Este método aprovecha el hecho de que la reacción
de acoplamiento descrita en el presente documento es muy lenta en
disoluciones acuosas diluidas aunque es rápida en presencia de un
polinucleótido molde. Es decir, la reacción se acelera en presencia
de un polinucleótido objetivo que posee la sección de secuencia
complementaria con respecto a los oligómeros sonda. La presente
invención utiliza como agente terapéutico dos oligómeros cortos
(por ejemplo, de 8 a 20 meros) que se unirán juntos espontáneamente
mediante enlaces covalentes después de la unión en posiciones
contiguas en el polinucleótido objetivo. Con este sistema, se
produce una aproximación a las propiedades de afinidad de unión y
de reconocimiento de una sonda de oligómeros más larga tal como
entre 16 y 40 meros, aunque se mantienen las características de
dependencia y de apareamiento de bases de las sondas más cortas (de
8 a 20 meros). En otras palabras, la presente invención proporciona
la especificidad de polinucleótidos más cortos aunque posee el
efecto de polinucleótidos más largos.
Es inherente a la presente invención la necesidad
y el uso de polinucleótidos que incluyen grupos reactivos que
reaccionarán espontáneamente para formar un enlace covalente entre
ellos cuando los grupos estén en proximidad espacial mutua.
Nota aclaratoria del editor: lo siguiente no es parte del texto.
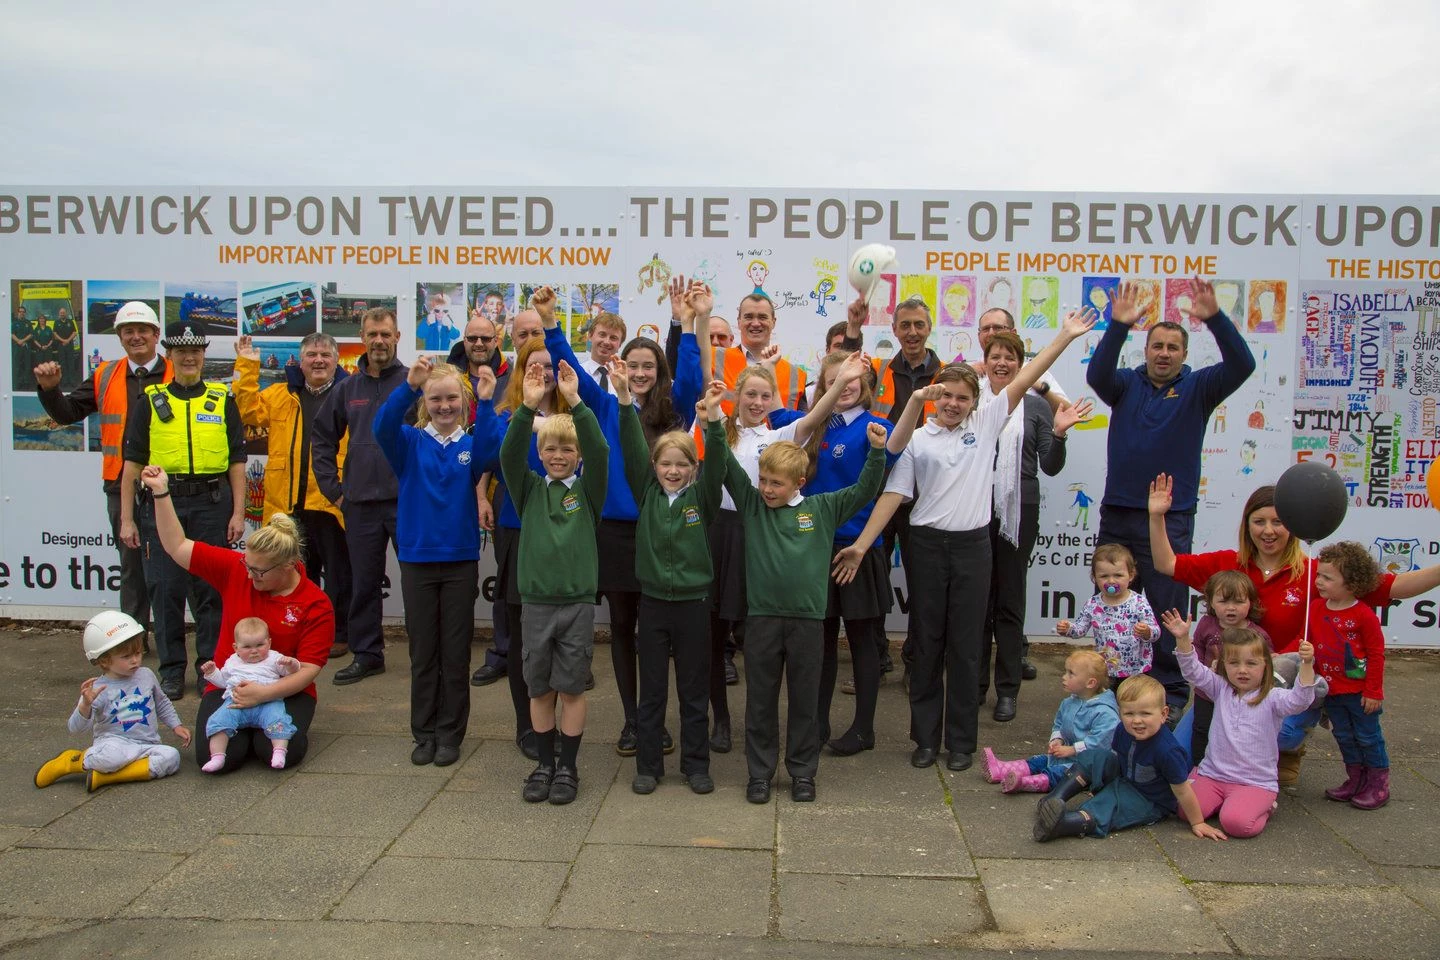 Community project unveiled in Berwick

Específicamente, la presente invención utiliza por lo menos dos
oligonucleótidos en los que un conjunto de oligonucleótidos incluye
el primer grupo reactivo y el segundo conjunto de oligonucleótidos
incluye el segundo grupo reactivo de tal manera que al aproximarse
entre ellos, los grupos reaccionarán espontáneamente para formar un
enlace covalente estable. La presente invención utiliza un grupo
bromoacetilamino y un grupo tiofosforilo, que forman un puente
tiofosforilacetilamino de forma eficaz, selectiva e irreversible en
medios acuosos diluidos. Tal como se demuestra posteriormente, los
productos son estables en agua y se hibridan bien con
polinucleótidos complementarios.
A concentraciones oligoméricas bajas, tales como
menores de 1 \muM, y en ausencia de un molde complementario las
reacciones son muy lentas aunque se pueden llevar a cabo con una
conversión elevada en pocos días congelando la disolución. Las
técnicas de congelamiento se describen de forma detallada
posteriormente. El acoplamiento es bastante rápido (una conversión
mayor del 90% en 20 minutos) cuando se lleva a cabo en disolución
en presencia de un oligonucleótido complementario que sirve como
molde, tal como se muestra posteriormente en la sección de
Ejemplos.
La selectividad también es una preocupación
importante en aplicaciones diagnósticas de la presente invención y
en general en el uso de oligonucleótidos. Las mismas
características de la presente invención que hacen que la química
novedosa de la presente invención resulte atractiva para
aplicaciones terapéuticas también la hacen atractiva para usos
diagnósticos. Por ejemplo, la presente invención se podría utilizar
en un sistema diagnóstico de la manera siguiente.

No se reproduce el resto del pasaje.